Warum ausgerechnet heute? Warum heute, wo ich mich bei jedem Bissen wieder völlig frustriert fühlte, weil ich glaubte, eine Tonne zu wiegen? Albert hatte sich so eine Mühe gemacht, und ich wusste genau, ich konnte ihm einfach nicht sagen, dass ich heute nicht konnte Ali beobachtete mich. Am liebsten hätte ich geweint, aus purem Selbstmitleid. Mein Freund nahm mich bei der Hand. Blöder Tag gewesen? Blöder Tag gewesen! antwortete ich leise. Dann schütte ich mein Herz aus. Ali hörte zu, ohne ein Wort, nur ab und an schmunzelte er. Meine Hand hielt er noch immer.
Wie kommst du eigentlich auf den Gedanken, ich könnte dich verlassen? So wie dieser Richard? Was denkst du überhaupt noch an den Kerl? Er streichelte meine Wange und küsste mich. Du hast die wunderschönsten Augen, die ich je gesehen habe, und deine Lippen sind erotischer als bei jeder anderen Frau, die ich kenne! Das sind Worte die eine Frau braucht, speziell in solchen Krisen. Wir kochten also zusammen, wir schlemmten zusammen und wir schliefen gemeinsam auf der Couch bei irgendeinem uninteressanten Film ein, Arm in Arm.
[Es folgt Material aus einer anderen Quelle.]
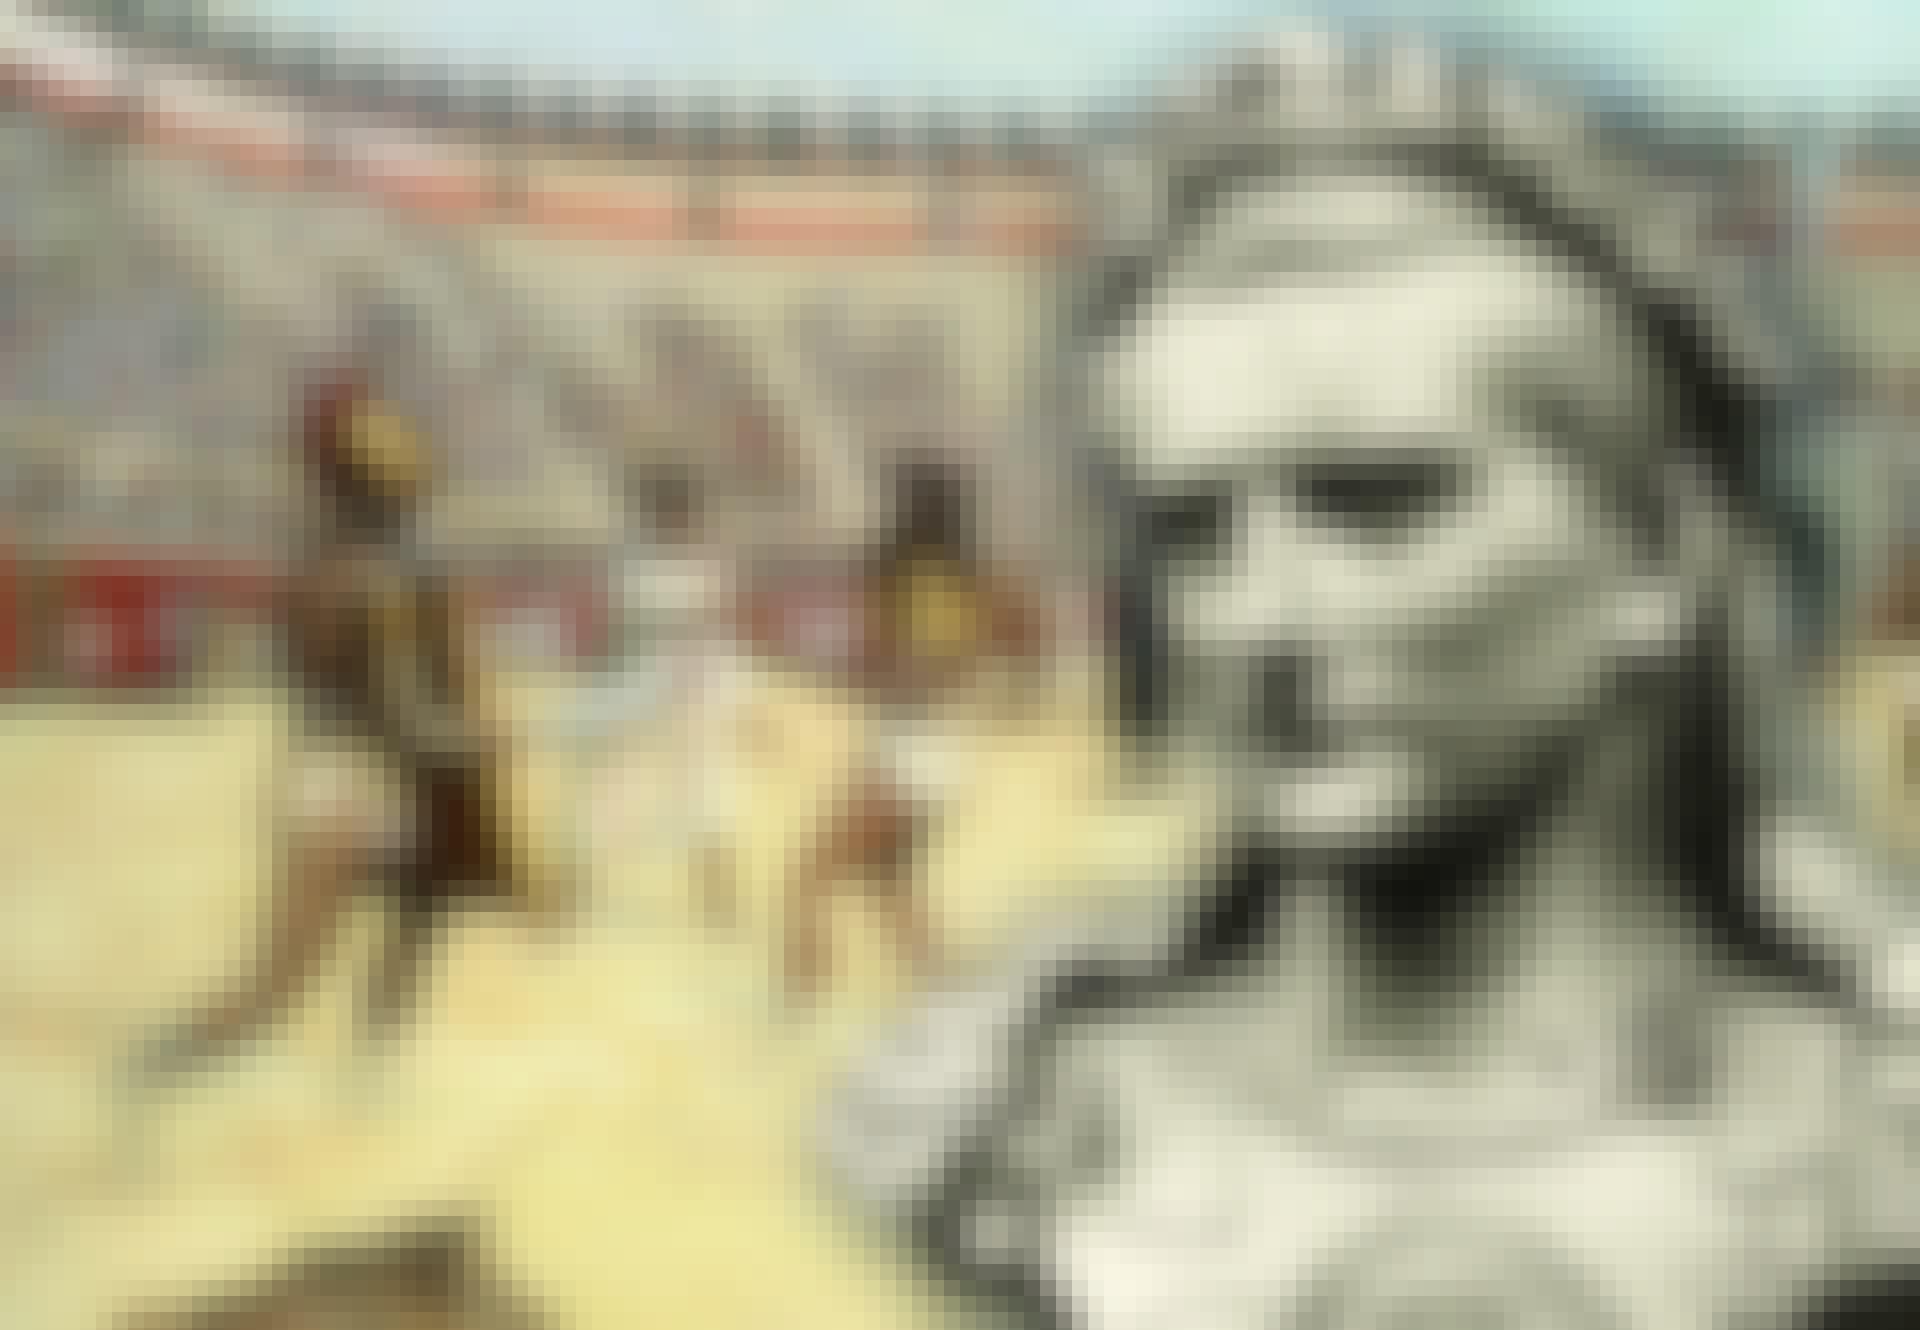 Kejser Caligula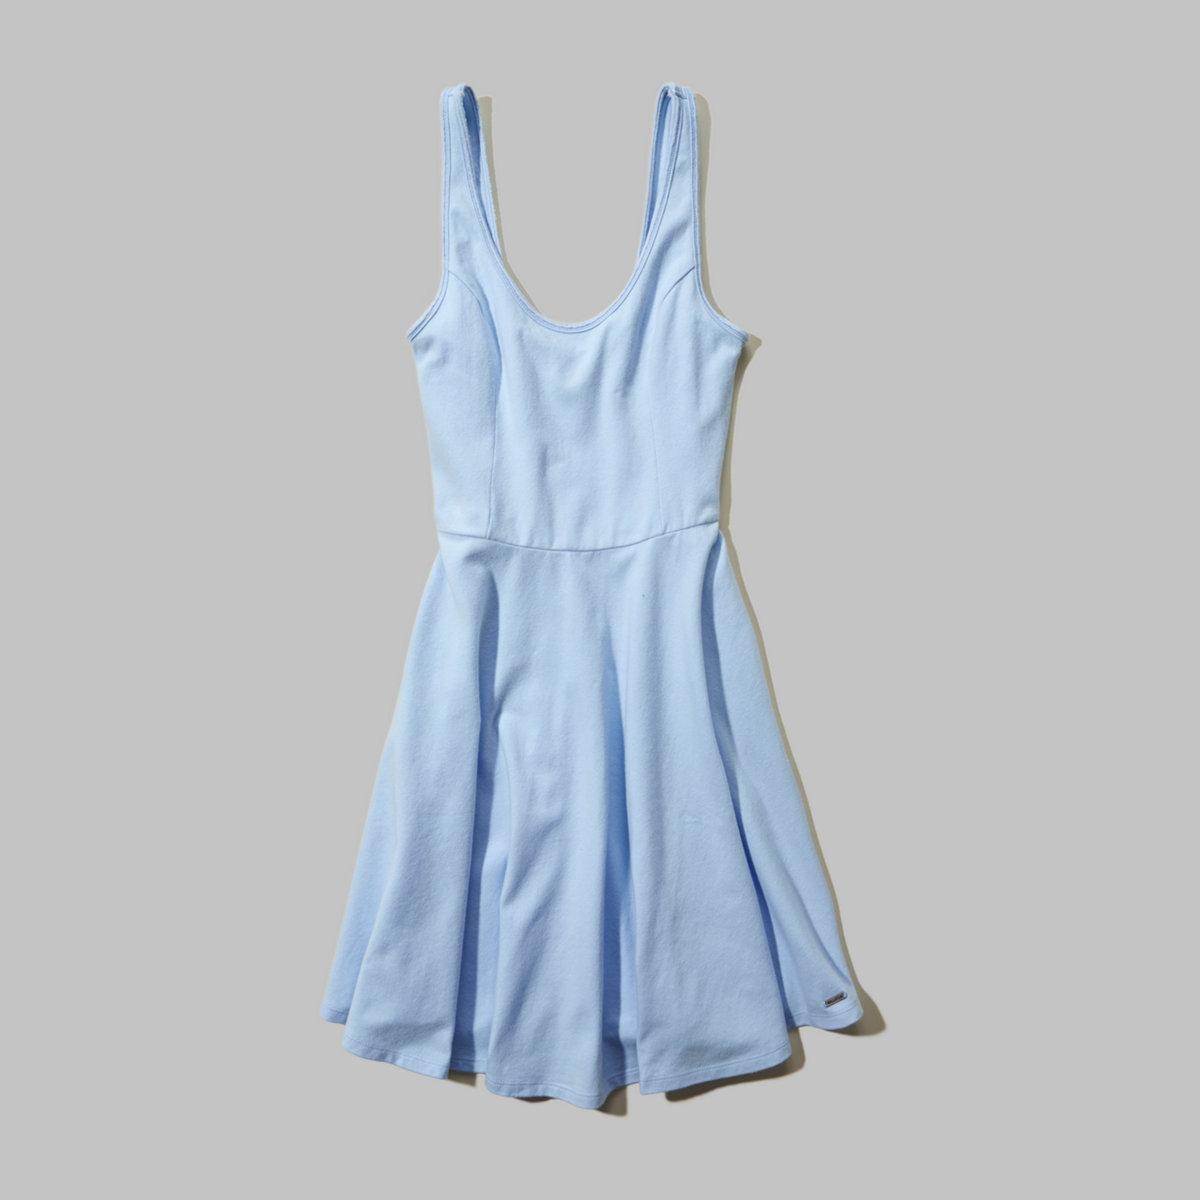 McGrath Beach Dress

Beim Frühstück am nächsten Tag, brachte Ali das Gespräch noch einmal auf meine Komplexe. Weißt du, Vivi, für mich musst du es ja nicht tun, das weißt du, aber wenn du selber so drunter leidest . Warum gehst du nicht zwei-, drei Mal die Woche in ein Fitnesscenter? Na? Ich sah Ali sprachlos an. Dann legte ich das Semmerl hin und holte tief Luft. Ali, ich hasse Fitnesscenter, jeder Narr läuft heutzutage in Fitnesscenter um sich einem Jugendwahn zu unterwerfen Ali unterbrach mich. Es geht nicht um den Jugendwahn, es geht um dich. Glaubst du, ich merke nicht, wie unglücklich du wegen deiner Figur bist? Sieh es bitte nicht als Mittel zum Jugendwahn, sieh es einfach als Kur, als Medizin. Und ich weiß, dass es dir schon gut tut, wenn du Sachen kaufst, die ein paar Nummern kleiner sind. Tu dir einfach was Gutes!
Alis liebevolle Worte brachen meinen Widerstand, meine ganzen Vorbehalte. Gut ich überleg mirs! Wahrscheinlich sogar hast du Recht. Weißt, was ich mich frage Ich sah Ali mit einem warmen Lächeln an. womit hab ich dich überhaupt verdient? Mein Freund lachte laut auf und grinste schelmisch zurück. Ich brauche dich einfach , das ist der Grund, aber wenn du mich das noch mal fragst, überleg ich es mir vielleicht doch noch! Ich zeigte Ali die Zunge, und warf das Kissen nach ihm – er hatte schon ein Talent eine romantische Situation völlig zu veralbern!